# Shimano calais 200 Mg-5



## cody p (Aug 25, 2010)

How do I take this thing apart Iv had it for 2 mounts and I need to do a full cleaning how does the crank side come off? I took the handle off and screws from behind the spool out i just cant get it apart.


----------



## Backcast (Jul 22, 2005)

I do not have a Calais but with the Chronarchs you have to unscrew the star drag.

Go to Shimano's website and there are instructions there for cleaning the reel. There should be instructions on how to disasemble.

Google Calais cleaning or disasemble

Good luck,
Joe


----------



## cody p (Aug 25, 2010)

I took the handle and drag assimbly off just as you do for a dhsv 200 curado with no luck is there a clip or somthing im missing?


----------



## Backcast (Jul 22, 2005)

*Found this on Google*

Cody,
You need to use Google. It seems there is a special tool needed. check out the link below. Joe

http://www.***.org/bassfish/bassboard/rods_reels/message.html?message_id=42913


----------



## Backcast (Jul 22, 2005)

well I see that link did not work.

Just Google Calais cleaning or repair and see what you get.

Joe


----------



## Mike in Friendswood (May 21, 2004)

You don't need a special tool, but it is a bit tricky.
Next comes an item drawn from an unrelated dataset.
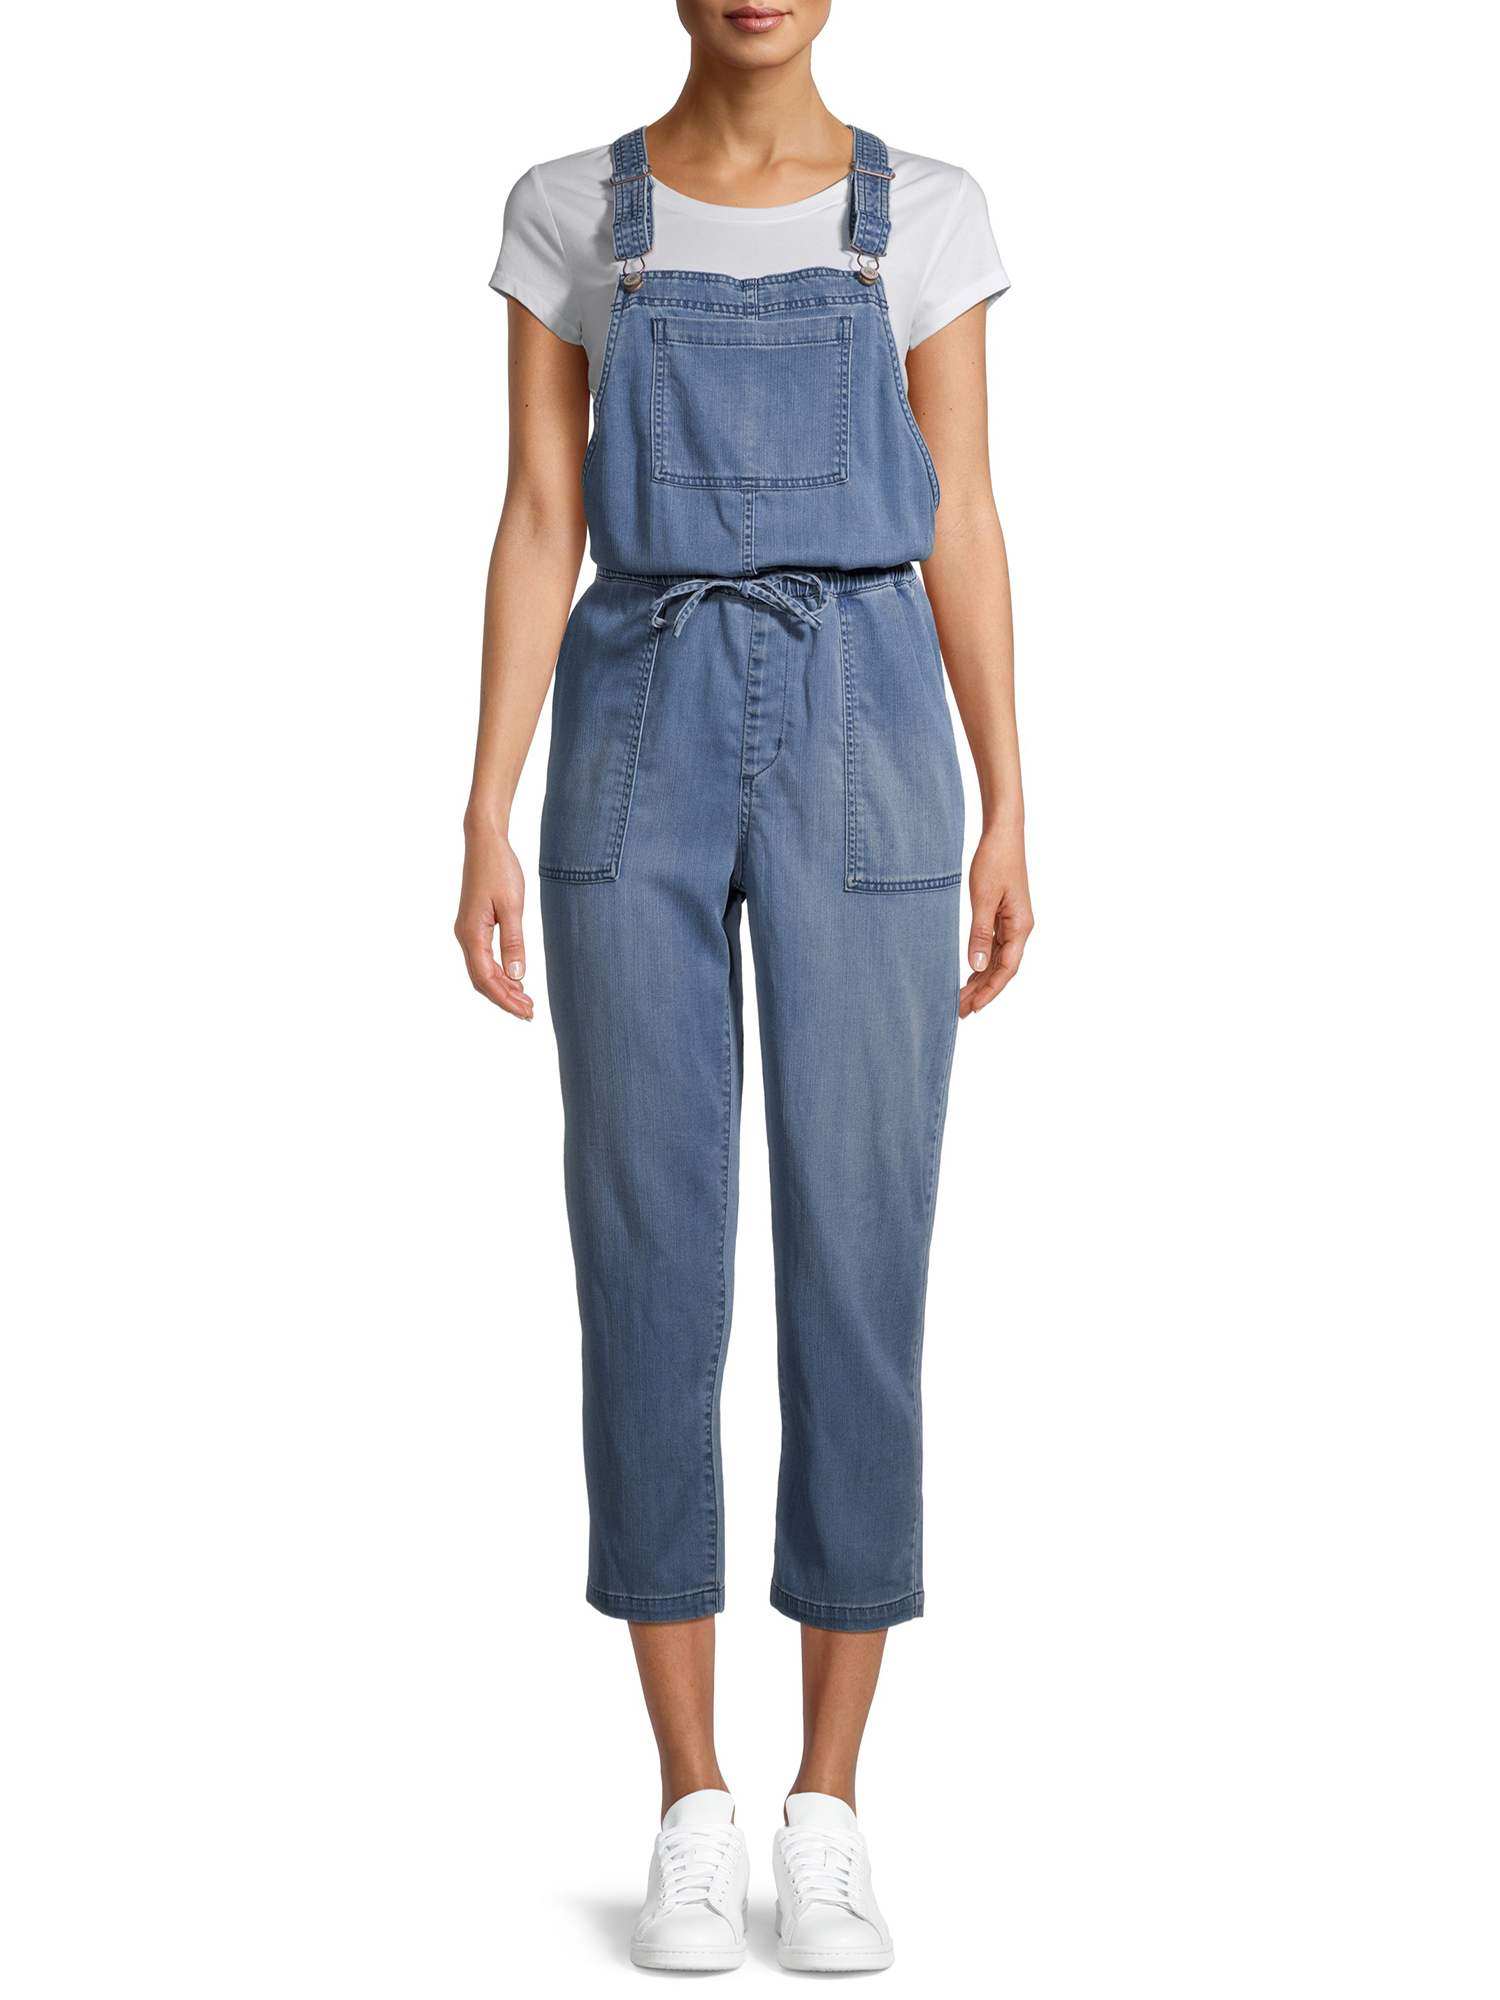 Time and Tru Women's Lightweight Soft Overalls - image 1 of 6

Do a search if you want some pics. 8 screws I believe.


----------



## Bantam1 (Jun 26, 2007)

There are some hidden screws. The top plate needs to come off and so does the left side plate. Then you can get the right side plate off.


----------



## cody p (Aug 25, 2010)

Bantam1 how does the top come off i only found 6 screws?


----------



## Bantam1 (Jun 26, 2007)

Did you find the two that are above the line guide? You need to hold the reel and look from the thumb bar towards the line guide.


----------



## cody p (Aug 25, 2010)

thanks how much would it cost to have someone clean it.


----------



## Fishon21 (Jul 16, 2010)

*REEL REPAIR*

Hold on ,you open that thing up and don't know what your doing and 
you are going to have problems , I don't know where you are but ben's
rod & reel repair in humble will clean & repair it for around 20$ to start .
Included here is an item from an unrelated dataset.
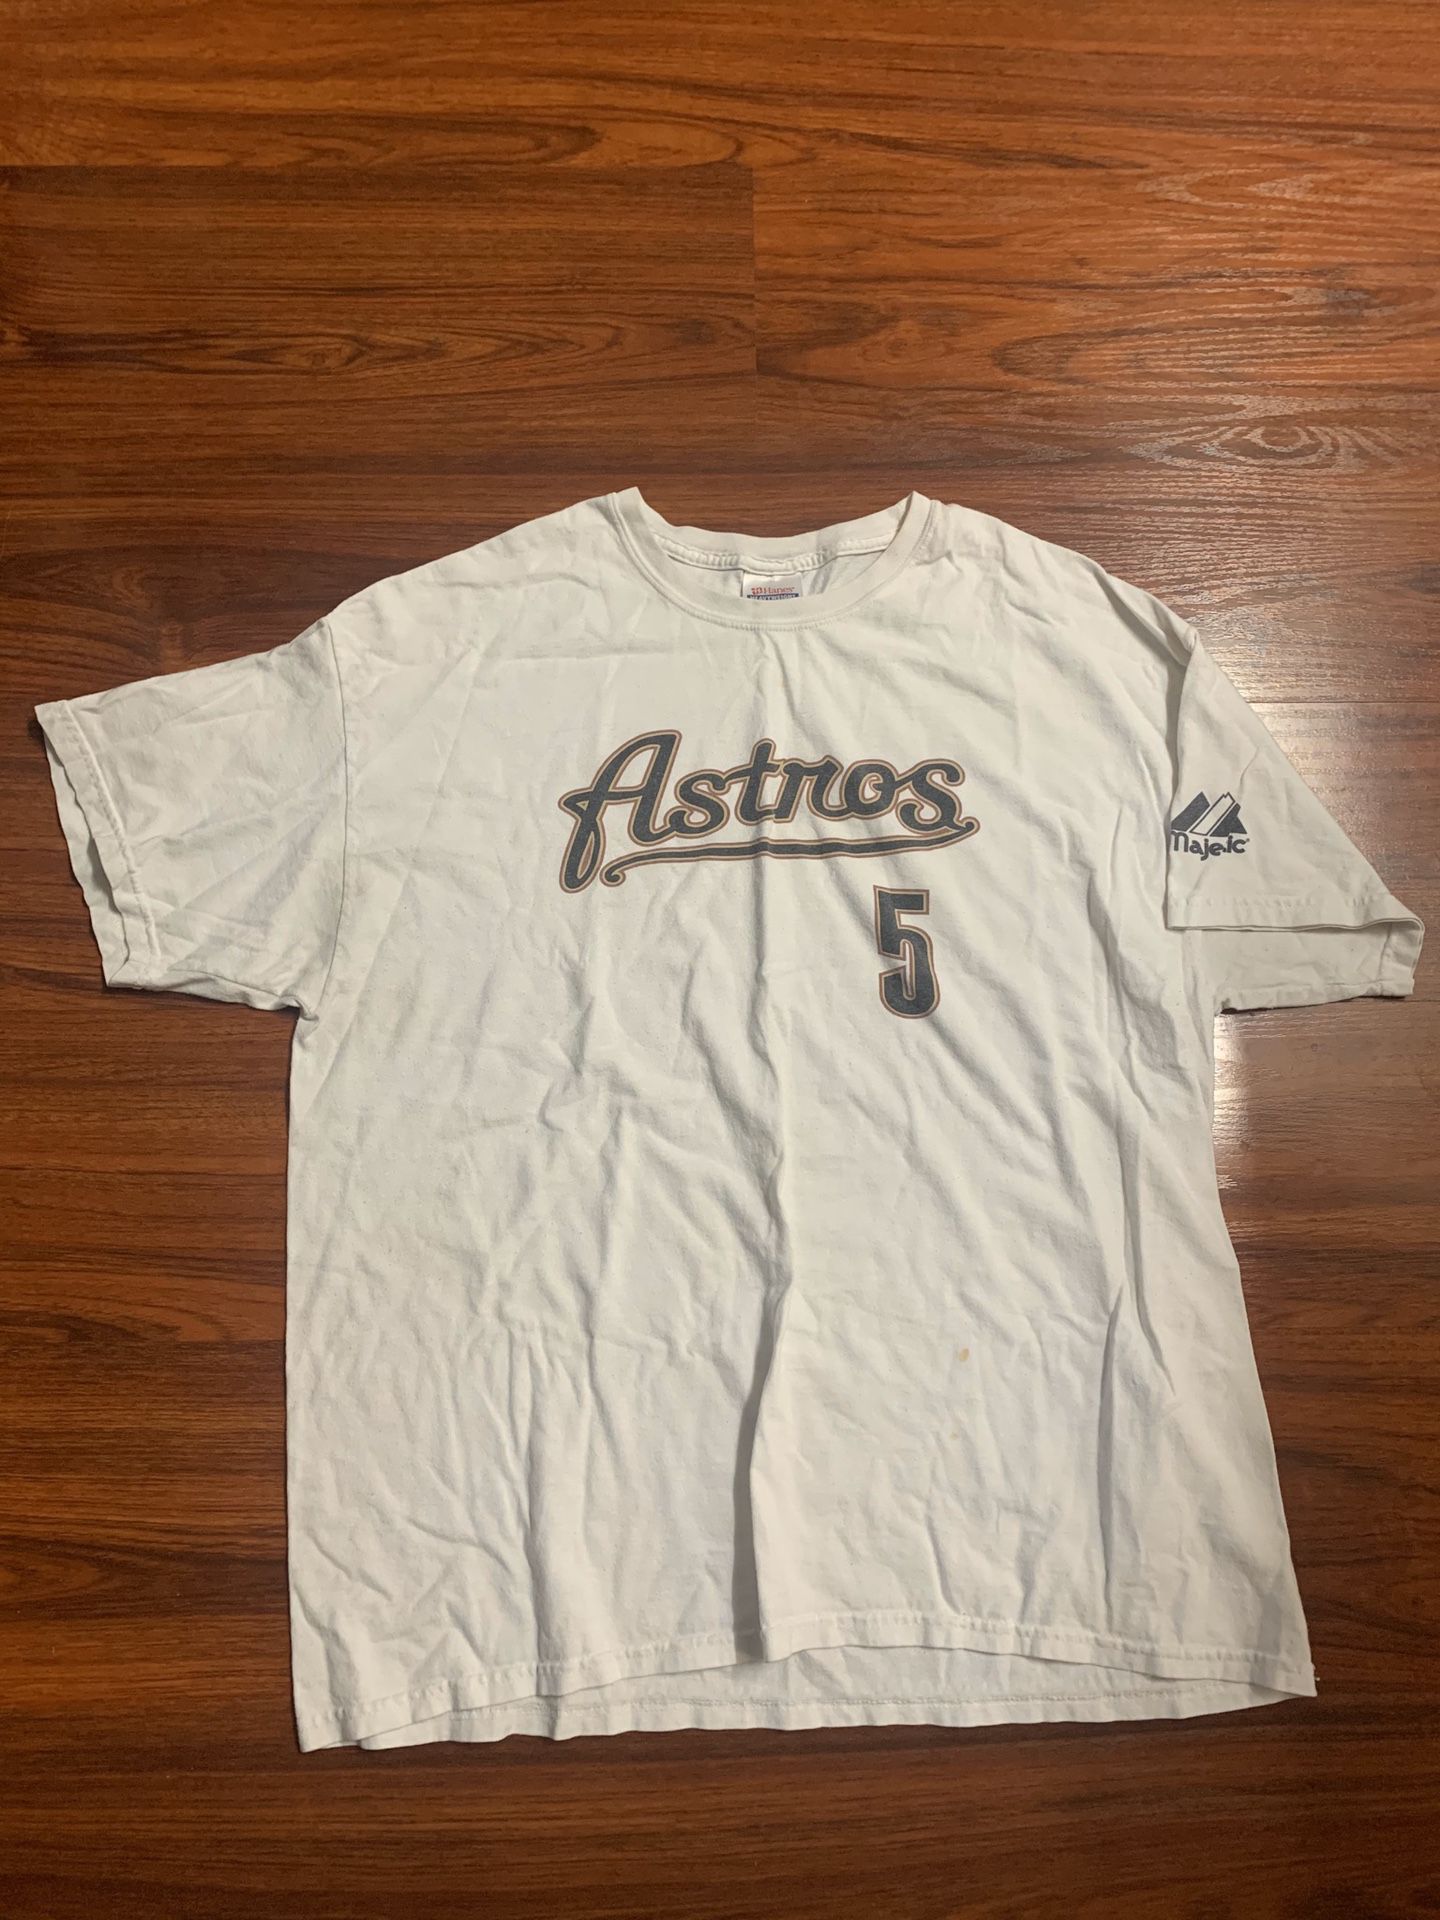 Houston Astros Jeff Bagwell T-Shirt for Sale in Houston, TX - OfferUp

You can go to shimano web site and get schematics on that reel .:texasflag

Hope i was of help.


----------



## Bantam1 (Jun 26, 2007)

We charge $30 + parts and return shipping. I'm not sure what the service centers charge.


----------



## cody p (Aug 25, 2010)

Ok thats not bad im goin to clean it up iv worked on all my reels just couldne get this one apart.


----------